“When the law is on your side,” the saying goes, “argue the law. When the facts are on your side, argue the facts. When neither the facts nor the law are on your side, pound the table.”
Writing for the Pioneer Institute’s blog, University of Arkansas professor Sandy Stotsky does a lot of table pounding in her latest post, subtly titled, “Why Do They Lie? And Why Do Others Believe Them?”
The post is aimed at exposing Common Core supporters to be the charlatans she believes we are. Unfortunately, Stotsky’s piece is itself so riddled with misinformation and falsehoods that it ends up more effectively proving that her case against the Common Core is, at its core, substantively weak.
In between the name calling and cheap shots, Stotsky advances an argument that rests on three weak claims: 1) The Common Core are not internationally benchmarked, 2) they are really about curriculum and not about standards, and 3) the standards themselves aren’t rigorous.
First, Stotsky insists that the Common Core were not internationally benchmarked. Never mind that Fordham’s comprehensive study found that the CCSS math and ELA were a strong match to the best international assessments, including NAEP, TIMSS, PISA, and PIRLS. Or research conducted by international math expert and former director of the U.S. TIMSS study, William Schmidt, which found that agreement was “very high” between the Common Core math standards and those in place in the highest performing nations around the world. Stotsky brushes aside such evidence—or ignores it entirely—instead devoting several lines to a complaint about the reference to international benchmarking in an “Exxon ad, repeated multiple times during a recently televised national tennis match” and wondering “who influenced Exxon’s education director.” The implication is, of course, that big money, not thoughtful scholarship, is driving the benchmarking claim. It is not.
Second, Stotsky tries to argue that Common Core proponents are lying when we claim that the expectations are about “standards and testing, not curriculum.” Of course, standards will always inform curriculum; the question is whether they mandate it. Just as the Massachusetts standards (which Stotsky wrote) guided curriculum and instruction in the Bay State previously, so the Common Core will provide the foundation for what happens in the classroom. The key question is how much leeway teachers have to design the kinds of curricula that both matches their own teaching style and philosophy and that meets the needs of the students they teach. The simple fact is under Common Core, teachers will have the same degree of flexibility over curriculum and instruction they now enjoy. Stotsky doesn’t refute this. She just wishes they were beholden to different standards.
Finally, Stotsky questions the rigor of the Common Core standards themselves. On the ELA side, she asks,
[H]ow could “rigor” even lurk in Common Core’s ELA standards since they are mostly very abstract and generic skills, like “Analyze how and why individuals, events, and ideas develop and interact over the course of a text”! Such an unintelligible statement is obviously applicable to any grade level and almost any text; it does not indicate any educational level or text quality, as an authentic, intelligible standard would.
There are at least two glaring problems with this analysis.
First, the Massachusetts standards she wrote (which the Common Core have since replaced) include very similar expectations, including a third-grade expectation that students “analyze how major events led from problem to solution” and a fourth-grade standard that asks students to “make judgments about setting, characters, and events and support them with evidence from the text.”
Second and even more critically, the “abstract and generic” standard Stotsky cites is actually one of ten “anchor” standards that are meant to be broad.

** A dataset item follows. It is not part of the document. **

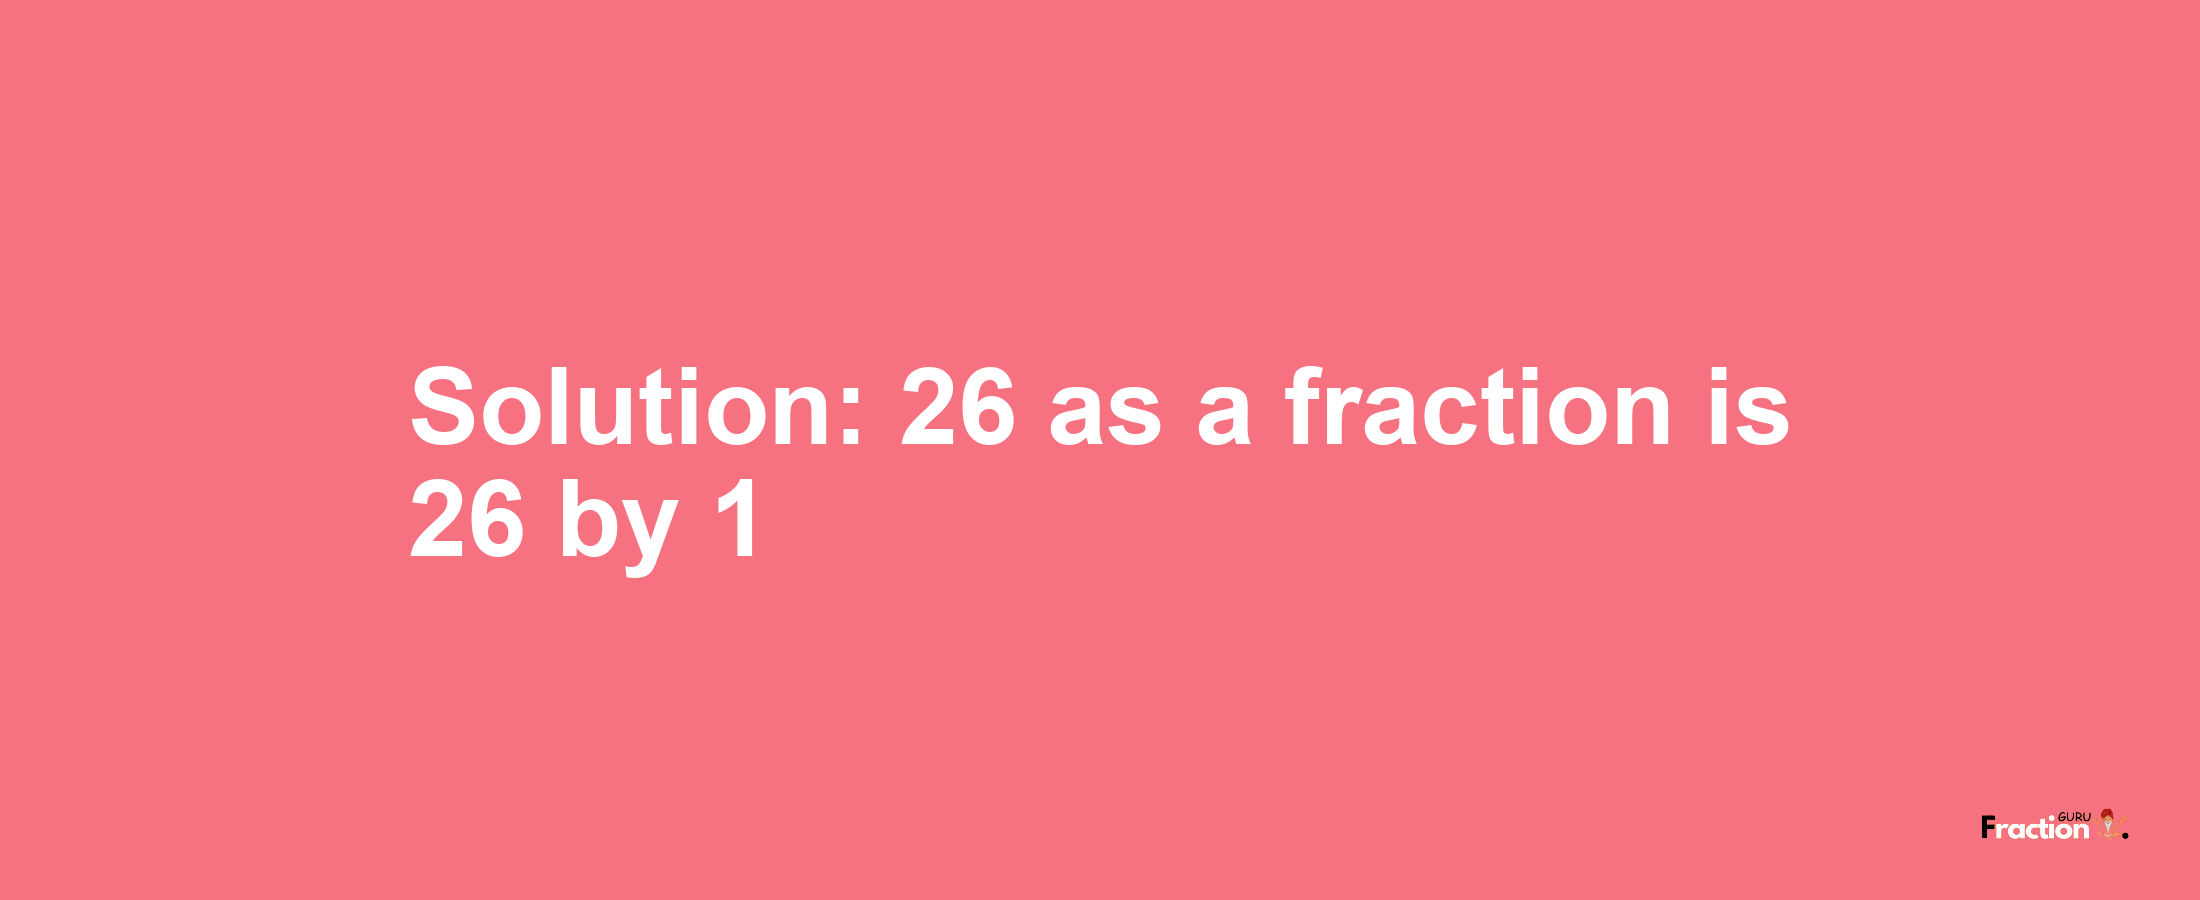 Solution:26 as a fraction is 26/1

The detailed grade-specific standards that follow clarify precisely what students should be able to do to demonstrate firm mastery of the “anchor.” In Kindergarten, for instance, the related grade-specific standard asks students to “identify characters, settings, and major events in a story.” By grade six, students are expected to
describe how a particular story’s or drama’s plot unfolds in a series of episodes as well as how the characters respond or change as the plot moves toward a resolution.
And by the end of high school, students are asked to
analyze the impact of the author’s choices regarding how to develop and relate elements of a story or drama (e.g., where a story is set, how the action is ordered, how the characters are introduced and developed)

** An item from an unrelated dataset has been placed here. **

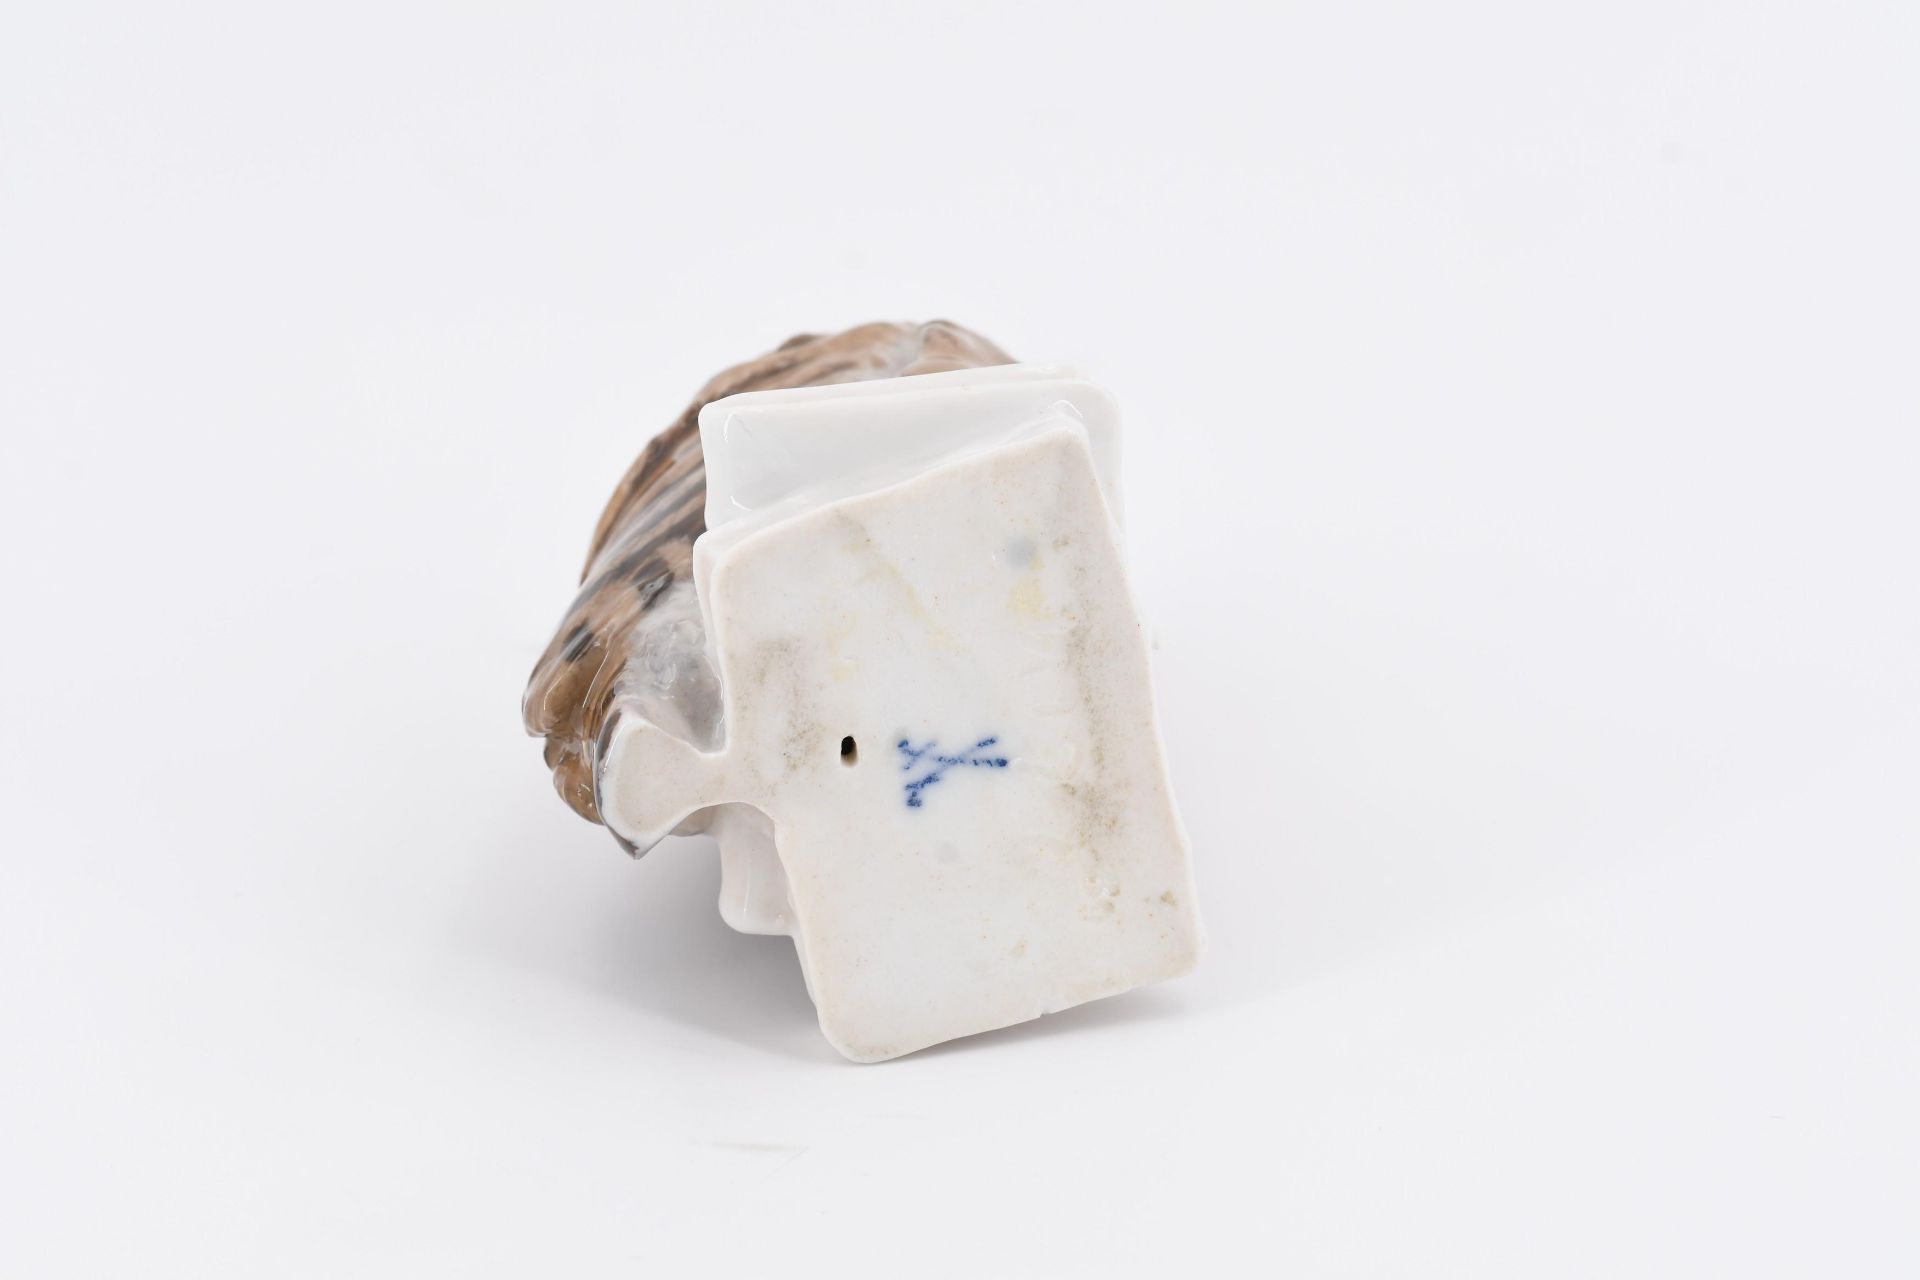 Small porcelain owl on book stack - Image 6 of 6

These grade-specific standards are not only clearer and more explicit than the anchor standard, but they show a progression of knowledge and skills that is expected from year to year.

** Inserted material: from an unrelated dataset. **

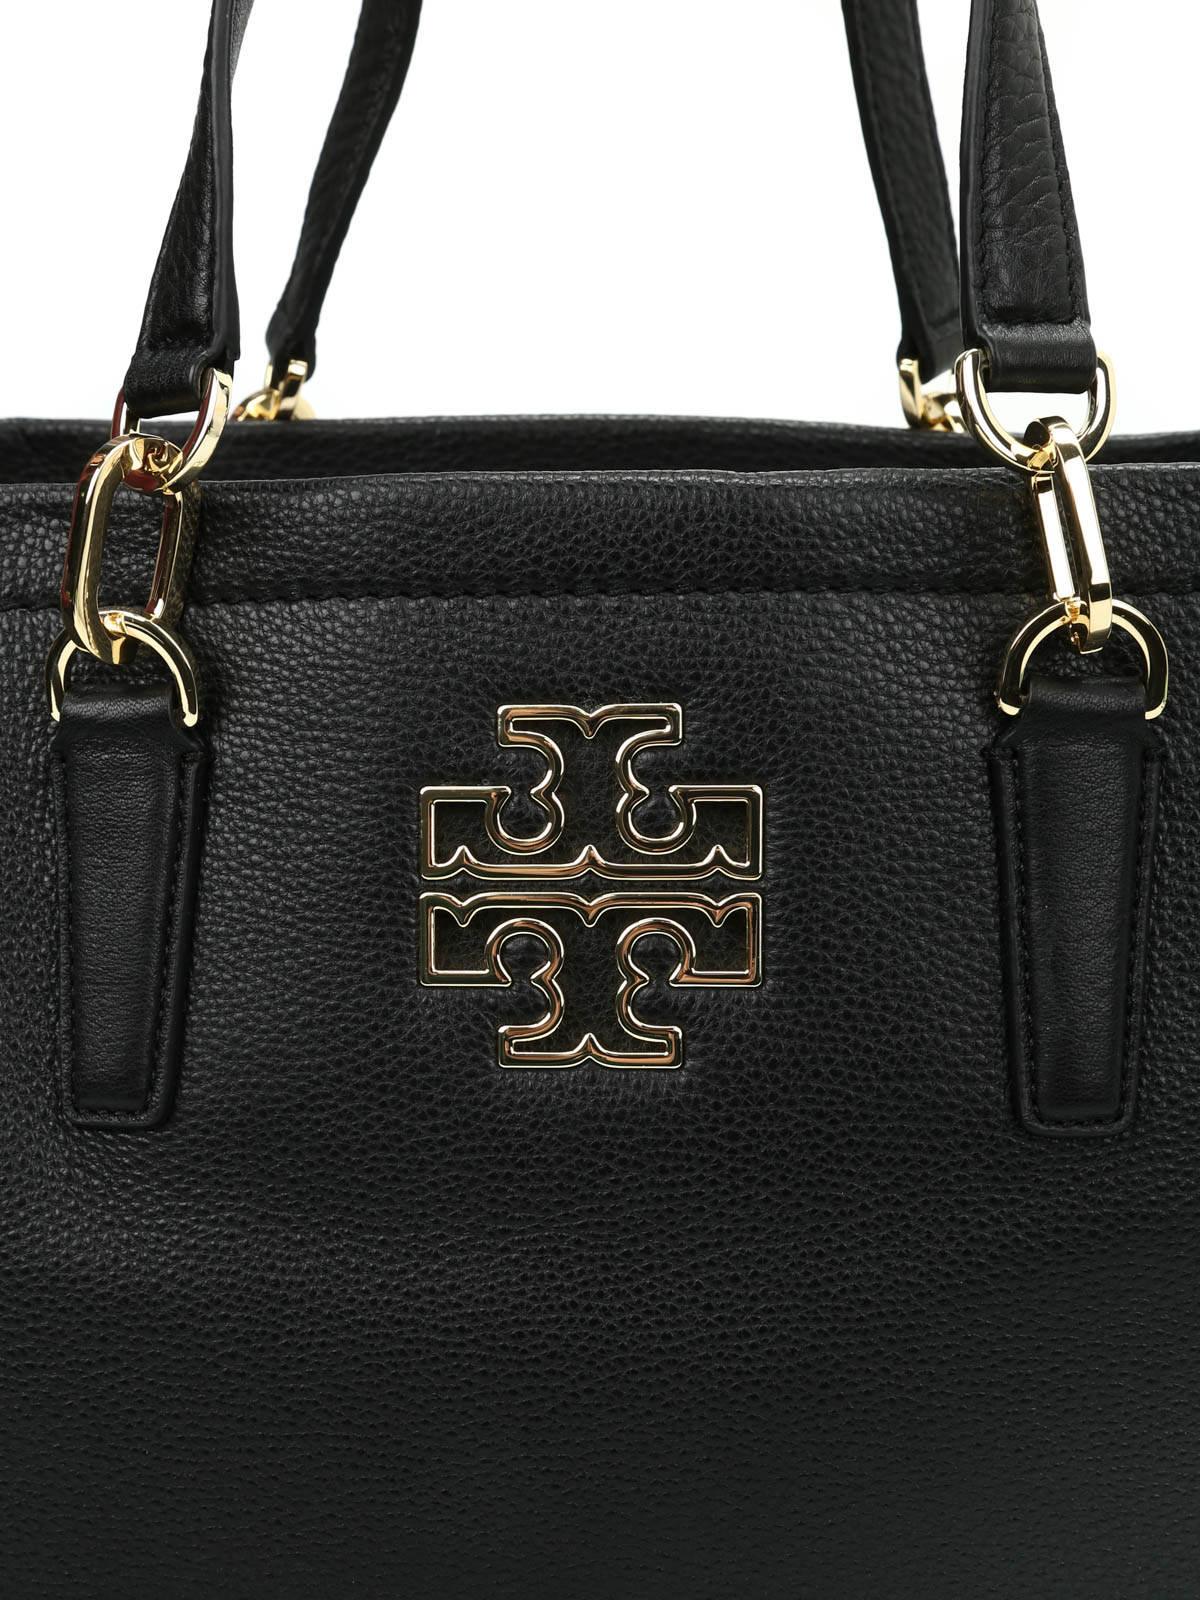 Totes bags Tory Burch - Britten hammered leather tote - 31159878001

What Stotsky fails to acknowledge is the volume of guidance in the Common Core focused on clarifying the quality and complexity of texts teachers should assign at each grade level—including an appendix that exemplifies the kinds of great literature and literary nonfiction that students should be reading and analyzing to be prepared for college and beyond.
These are hardly the makings of “vague and general skills.” Indeed, they clarify the kind of higher-level literary analysis that students should do and how that analysis should build from grade to grade.
In the end, we—the Common Core supporters Stotsky decries—share many of her goals, chief among them to increase the rigor of reading and analysis in English language arts classes. While we can certainly disagree on the best way to achieve that end, we mustn’t lose sight of the goal itself—which is now being lost amidst the noise, fist pounding, and unnecessary ad-hominem attacks.
This article was updated on Thursday, June 20, for the Education Gadfly Daily.